Richard Bove, an analyst at Rochdale Securities, believes Morgan Stanley and other banks are increasing base pay to get around new government restrictions on bonuses.

A source with direct knowledge of Morgan Stanley's compensation structure says this change is a relative drop in the bucket, as banks in which the government has a preferred equity stake are still severely limited in how much they can pay top executives.

For example, Morgan Stanley's managing directors, which number in the hundreds, now typically have a base salary of no more than $400,000. Their bonus, paid in stock, cannot be worth more than a third of this total, under an amendment to the $789 billion stimulus package passed by Congress in February.
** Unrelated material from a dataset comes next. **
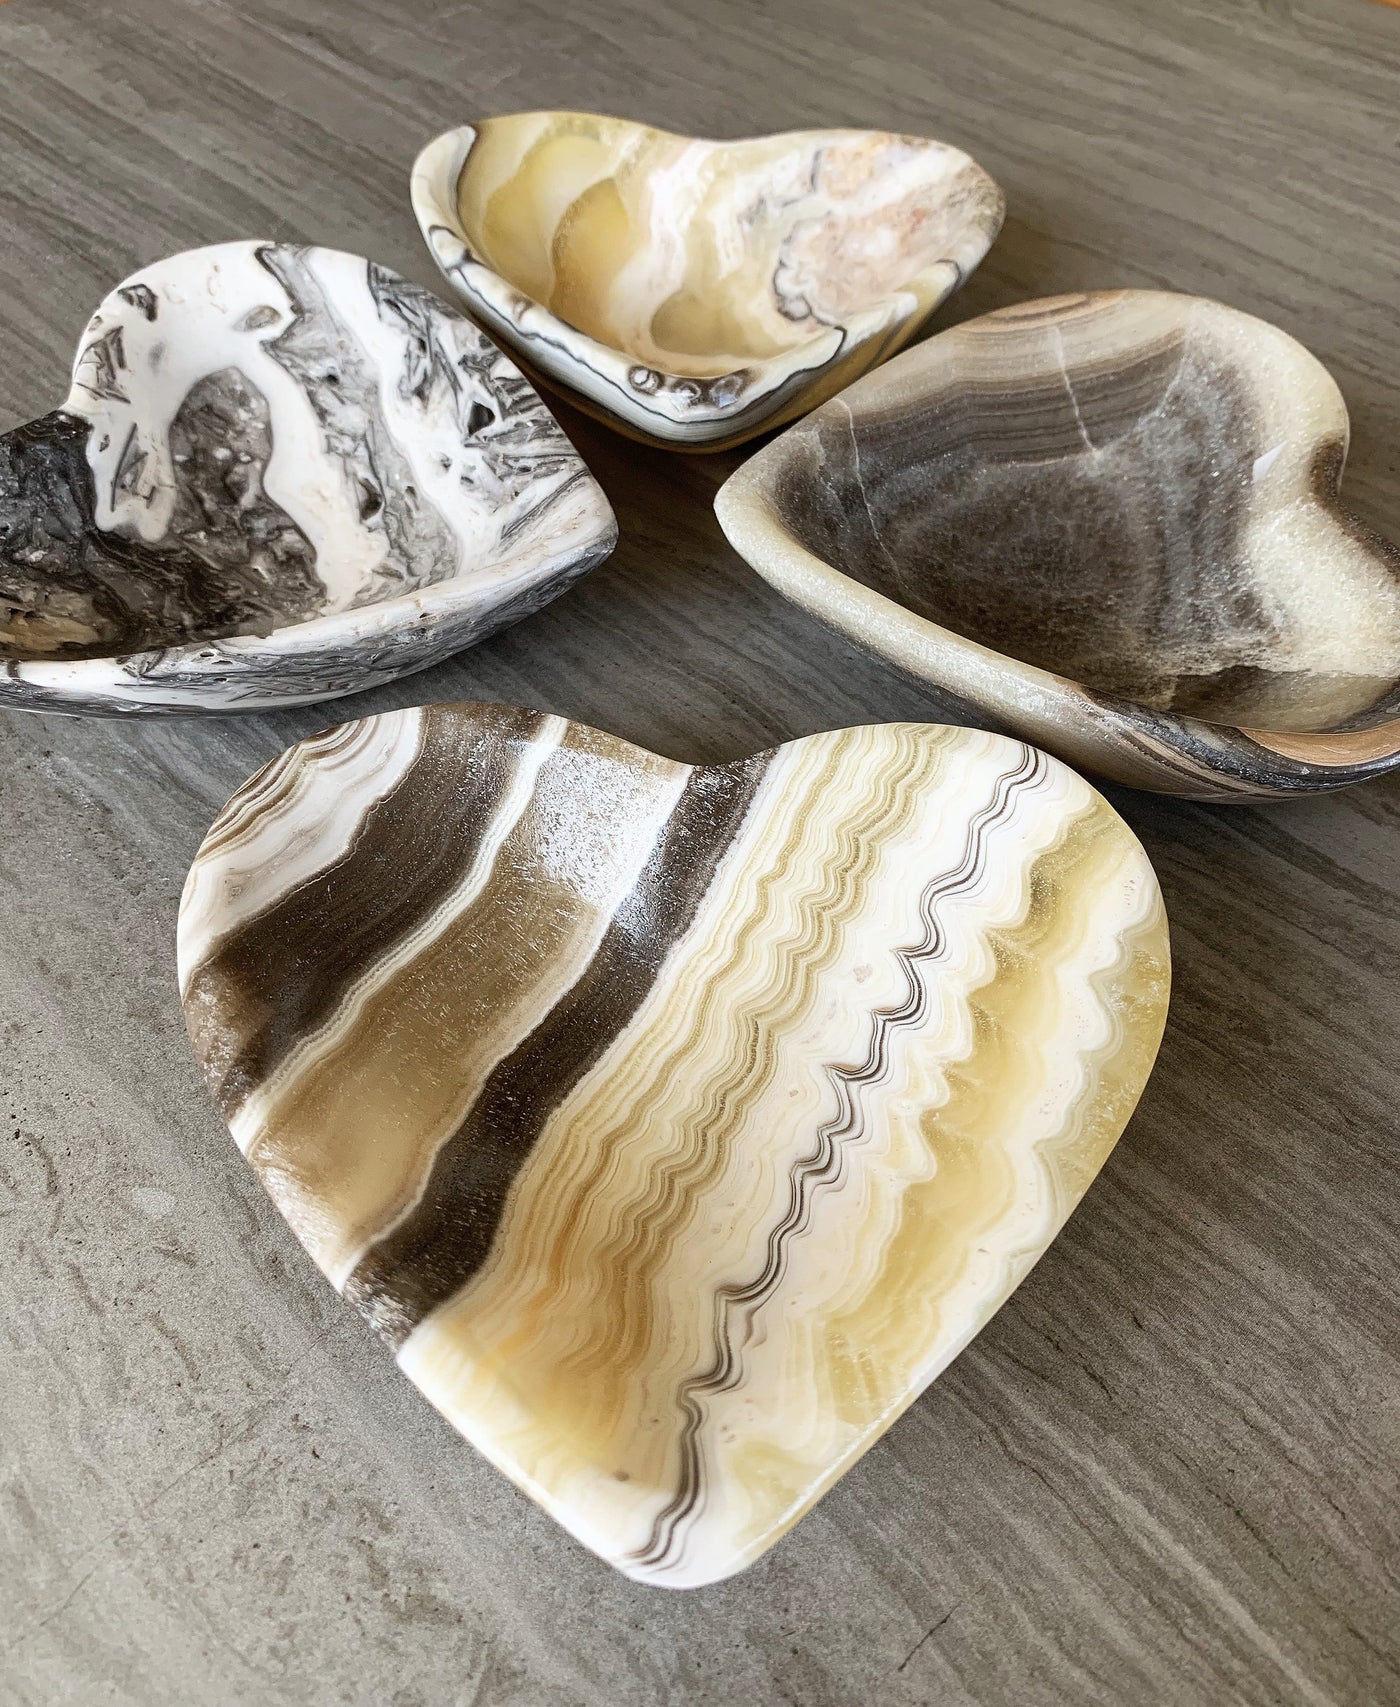 assortment of mexican onyx heart bowls shown to display they vary in color and patterns with shades of white, yellow, tan, cream, and black.

One factor in Morgan Stanley's decision to increase base pay was to make it competitive with Goldman Sachs, which pays a base salary of about $600,000 to its senior managing directors -- a title roughly equivalent to managing director at Morgan Stanley, according to the person familiar with Morgan Stanley's compensation structure.

Spokesmen for Morgan Stanley and Goldman declined to comment.

Even if it is difficult to prove that bank compensation practices played an important role in bringing about the current crisis, the tinkering by banks and lawmakers is likely to continue.

Wednesday, business professors at Wharton School of the University of Pennsylvania and NYU Stern proposed a new structure, involving the creation of an escrowed "incentive account" in cash and stock which pays out gradually over time and is periodically rebalanced.

Johnson remains skeptical, however, that any compensation plan can fully shield an institution from the risks inherent in the financial system.

"Most of the disasters in financial services of the last 20 or 25 years nobody saw coming," he says. "So it isn't that you knew the ice was thin. No, you thought that the ice was 20 feet thick."